Bank chief executive Collardi saw his pay package rejected by shareholders AFP

Shareholders at Julius Baer, Switzerland’s largest private bank, have scored the first direct hit on fat cat salaries by voting overwhelmingly against the proposed remuneration package for top executives.

Nearly 64 per cent of shareholders rejected the pay plan in a non-binding ballot does that not compel Julius Baer make changes. But it follows last month’s decision by the Swiss voters to accept a proposal that will make such shareholder ballots binding in the coming years.

Julius Baer plans to shell out CHF15.2 million ($16.3 million) to senior managers to reward their work in 2012.

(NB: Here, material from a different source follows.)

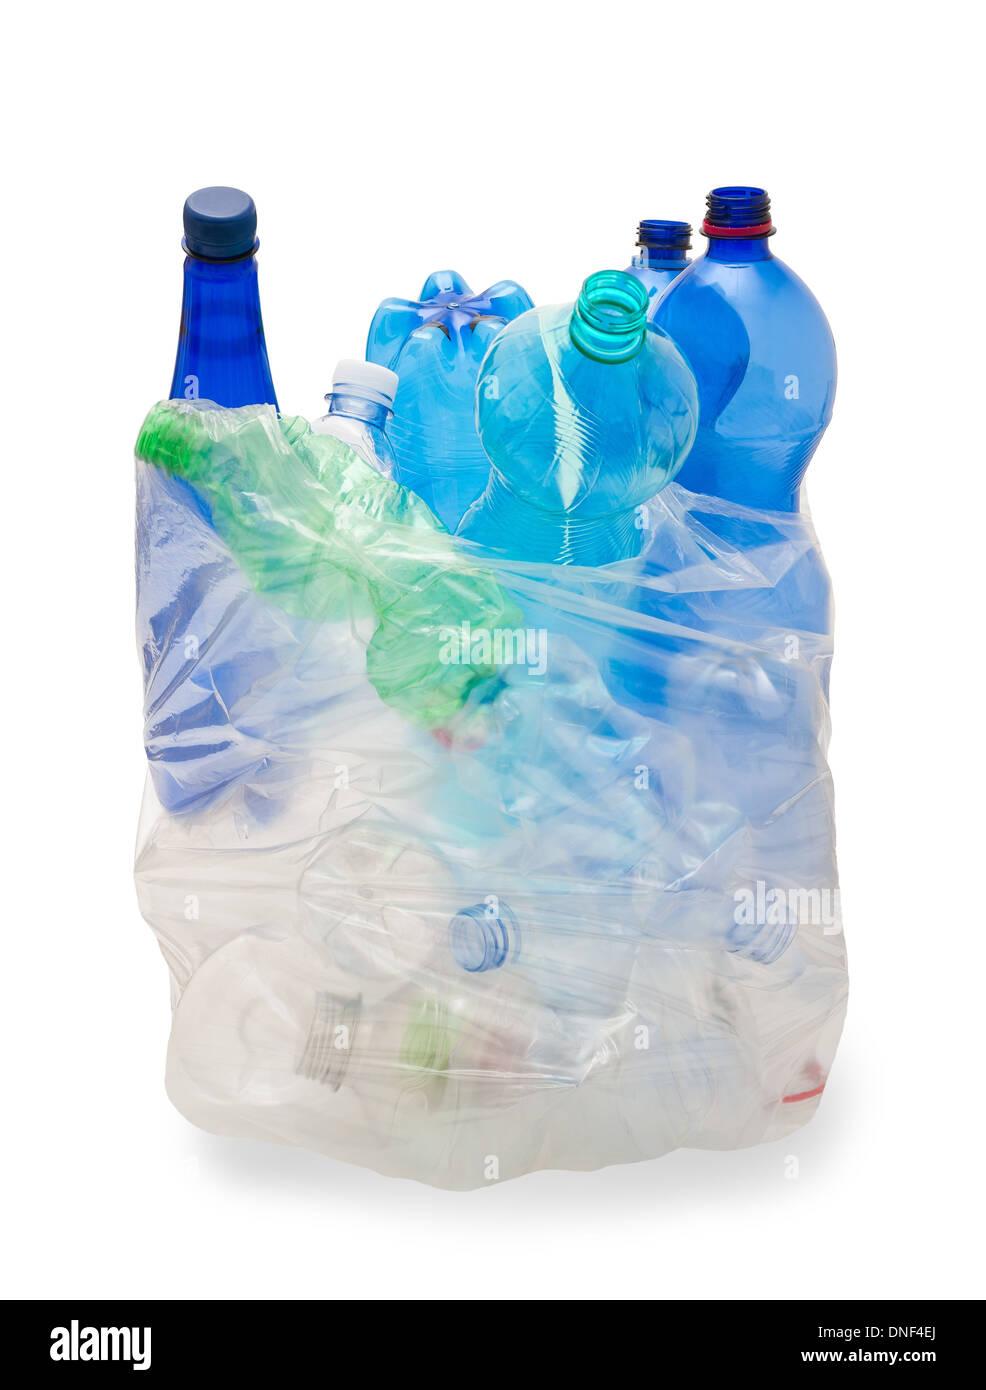 Müllsack mit Kunststoff-Flaschen Stockbild

The package contained a CHF6.68 million ($7.15 million) award to chief executive Boris Collardi, including an CHF800,000 bonus relating to last year’s purchase of Merrill Lynch’s wealth management business outside the United States.

“The board of directors will take the appropriate measures to work towards a positive vote at the next annual general meeting,” Julius Baer said in a statement that did not include details of how the bank would respond the Wednesday’s negative vote.

Signal

The landmark decision is the first time that Swiss shareholders have openly rejected a bank’s pay policy. It also sends an unwelcome signal to Switzerland’s two biggest banks, UBS and Credit Suisse, that face similar votes in the coming weeks.

Last month, Swiss pharmaceutical giant Novartis was forced to ditch a proposed CHF72 million pay-off to departing chairman Daniel Vasella. But days later, shareholders overwhelmingly approved the rest of the company’s remuneration package.

The controversial payout offer to Vasella gave further momentum to an initiative, launched by businessman-turned politician Thomas Minder, to give shareholders a bigger say on corporate payouts. It won an overwhelming 68 per cent of the vote last month.

Meanwhile, shareholders at Swiss food giant Nestlé have accepted the company’s compensation report in a separate advisory vote at an annual general meeting on Thursday.

Nestlé chairman Peter Brabeck used the occasion to speak of the need to find a new consensus between the economy, politics and society.

“The political and regulatory environment for publicly listed companies is becoming more difficult in this country,” Brabeck said, adding that Nestlé wanted to stay in Switzerland, but the “right balance” had to be found.